Wednesday, October 14, 2009

Watch Me Go

I have decided to get off my ass and use my jogging stroller for it's intended purpose: jogging.

I started yesterday and plan on jogging (with the kids safely strapped in the stroller) at least 3 times a week to start. I thought it would be so difficult. But after I stopped making excuses, put my mind to it, it wasn't so bad. Not as hard as I thought it would be.

I went jogging again today, a little more prepared in my exercise pants and a bottle of water tucked underneath the stroller. It felt good. It was another nice day; one of those cloudy over cast, yet bright days with a mild breeze. Perfect for a jog.

In my mind, I always thought jogging was a feat I would not be able to accomplish. I figured it would take me a few months of power walking to work my way up to jogging; I had no idea I could start jogging right from the start. I'm still a beginner so I pace myself. I don't want any injuries or to run myself ragged. But it's so much fun. I love to walk, but I think I like jogging even better.

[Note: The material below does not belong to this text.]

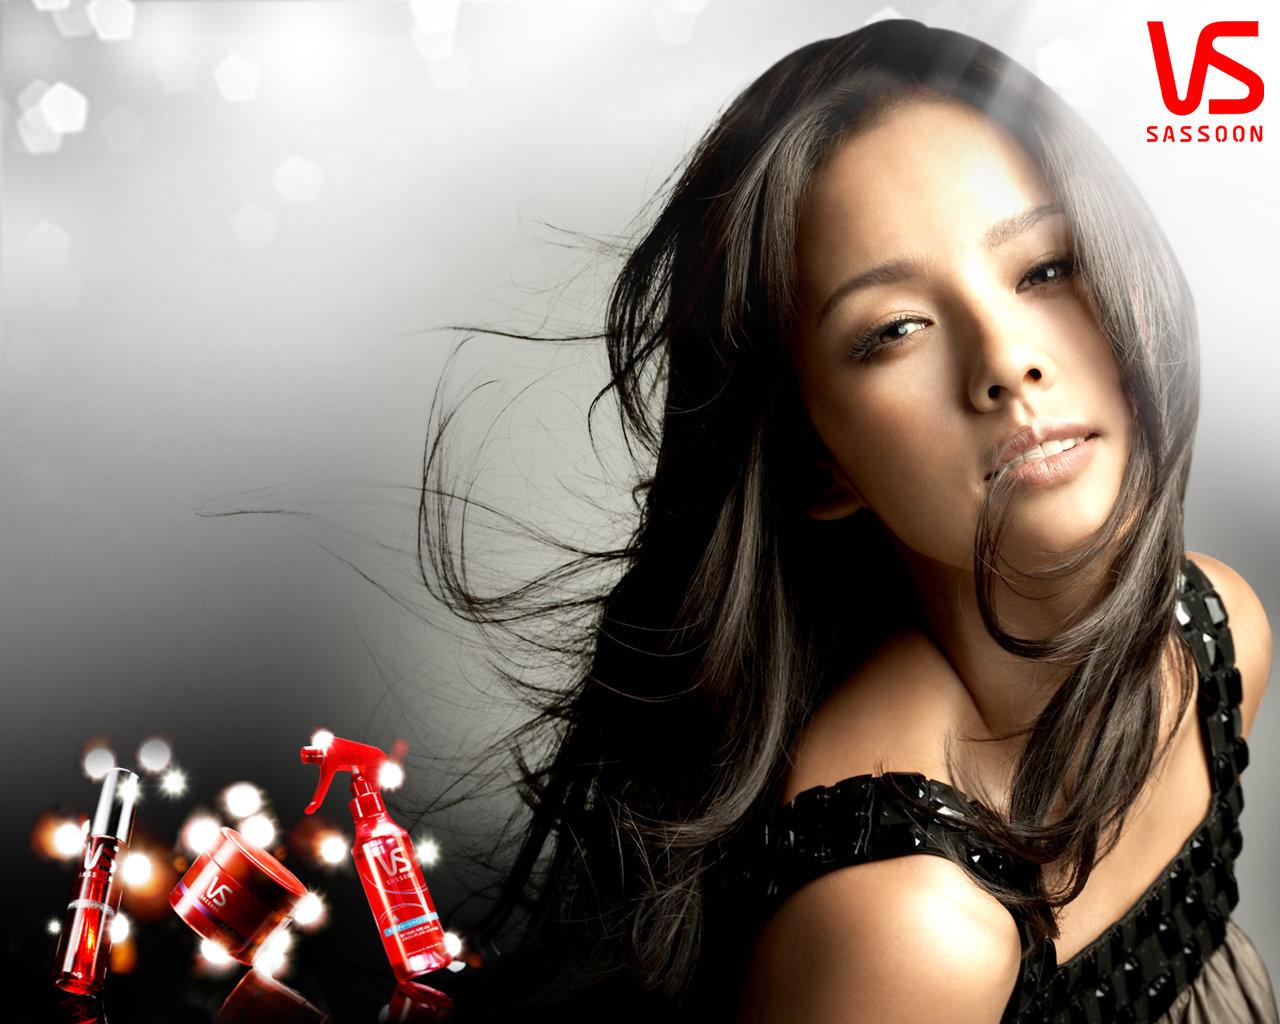 http://4.bp.blogspot.com/_qCxYF--ppyg/TEhacFR1nOI/AAAAAAAAECA/5yJjrPvOJcU/s1600/Hyori-Lee-i114311.jpg

I have no idea how long this will last, but I hope I stick with it. I might even brave a jog without the stroller one day. And I may just add a yoga, aerobic, or dance class to my routine later on (especially on those days when a jog is out of the question).

All it took for me to start was for me to put my mind on me, my health and my well being. As everyone knows, the hardest part of getting into an exercise routine is the beginning. It's hard to get started initially, but once you're off, it's all up hill from there. And starting anything new is always a challenge but can be exciting as well. The trick is to keep it exciting and challenging so I never get bored.

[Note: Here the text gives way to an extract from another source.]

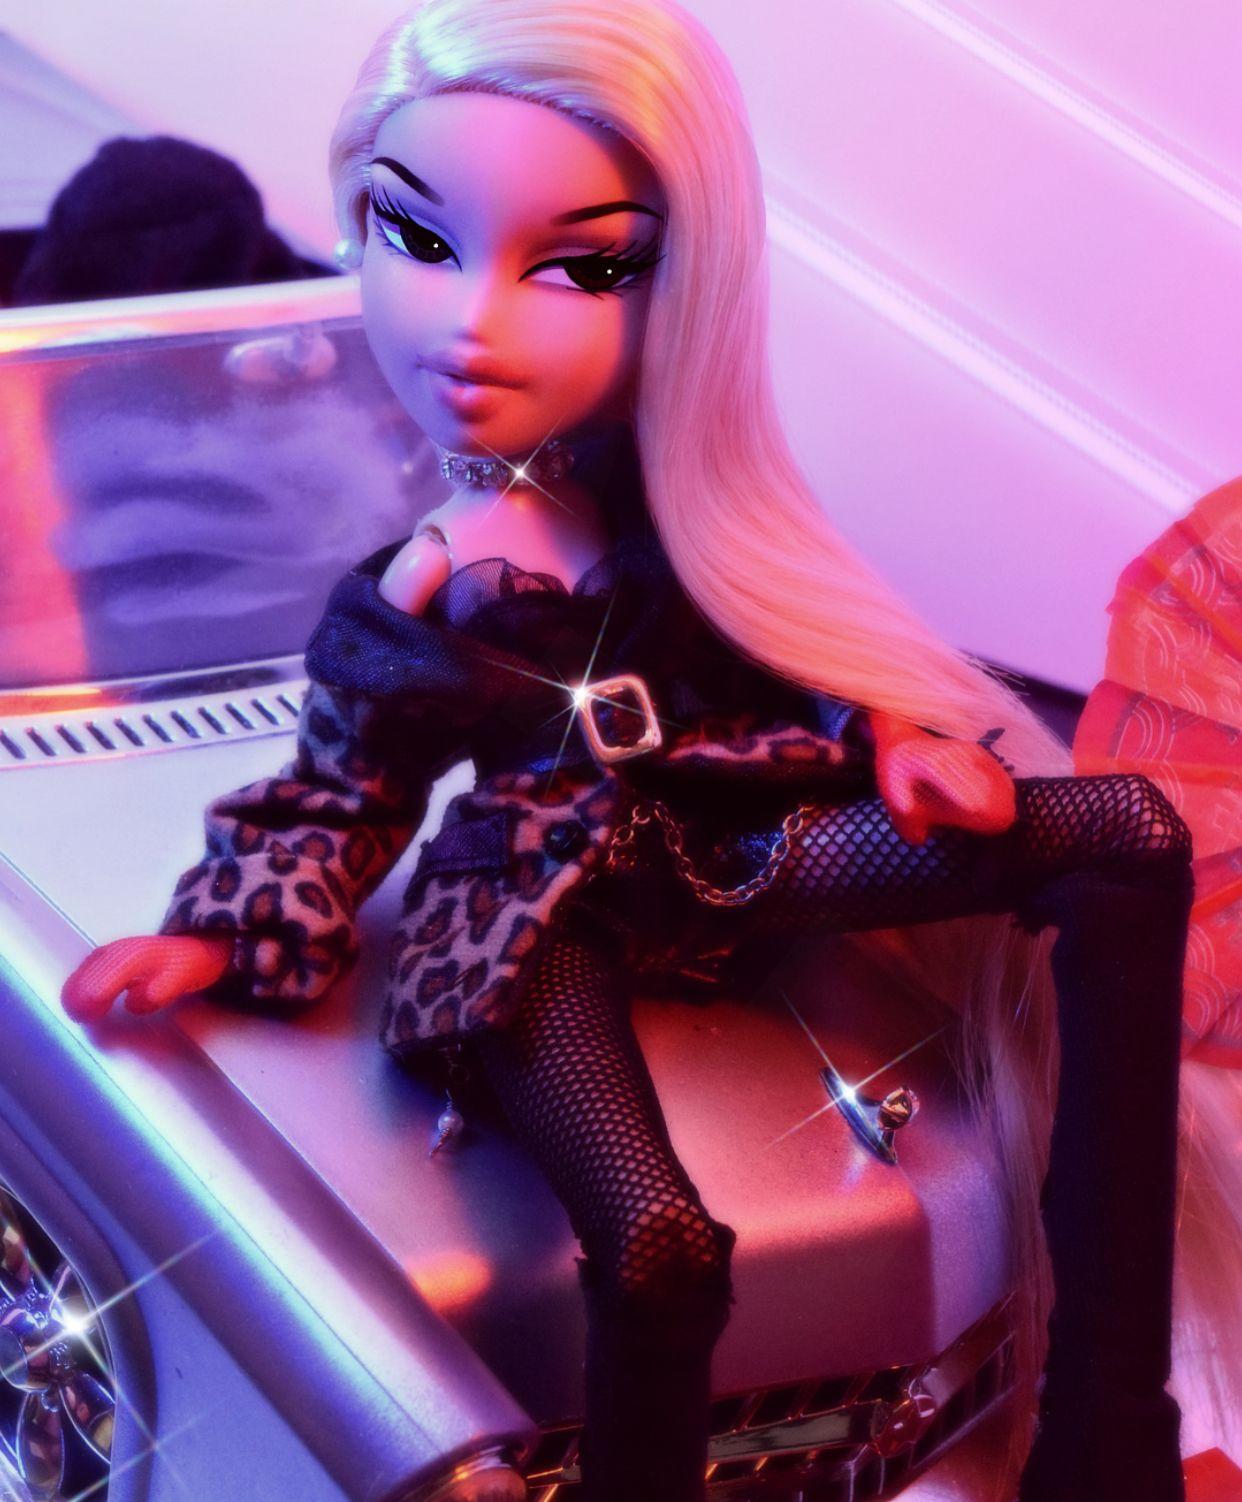 Barbie Wallpaper Tumblr: Pinterest : @shesoglorious

So why jogging? Well, it's free and fairly easy. Plus it will get me toned. I was none too happy with my body. And all the while, I was telling myself I needed to do something, but I wasn't doing a damn thing. I think I expected the pounds to magically disappear. Well that ain't gonna happen, not this time around. I'm used to having a fit body so all the flab bothers me.

I didn't want to end up like those girls who seem happy with their bodies, even though they really should try harder to trim down a little (and I know you should be proud of your body, but a swelling belly is NOT healthy unless you are pregnant, sorry).

I remember when I first moved to Costa Rica, I noticed a quiet a few of the women had what we endearingly call the "muffin top", a term coined to describe how a woman's mid section flaps over her jeans to give her that 'muffin spilling over it's baking pan' look. Not attractive. Yet these ladies flaunted their muffin middles like it was a fashion statement.

Now, if your midsection is so, um, er, 'puffy', would you wear jeans so tight that it bulges you in all the wrong places. And then why oh why, would you make it worse by wearing a belly bearing shirt???? I knew I didn't want to look like that. Plus, the health benefits of exercise can't be denied. I am 29 years old. Do I want to have high blood pressure, high cholesterol, or risk getting diabetes? HELL NO!

I do see a lot of Costa Ricans taking the fit path, jogging, running, biking and working out at the gyms (CR has a lot of gyms). Most of these people are already in pretty good physical condition, from the looks of it. My guess is they do it for health more so than for keeping their weight down, or maybe both. But these people inspire me. If they can do it, why can't I. I don't need a gym (although gym memberships are pretty cheap). All I need is determination and drive.

So after months of excuses, the want tos, should haves and wishes, I am off to a good start. Two days in a row and I feel the difference already. I look forward to my next run. Not to mention I am trying to eat more sensibly, most notably, not eating meals after 7 pm. This is gonna be a bit tougher to break but I know I can do it.

In about a month, I hope to be slimmer, trimmer, healthier and more content with my body and myself. Not looking for impossible miracles, just taking it one day at a time. Wish me luck.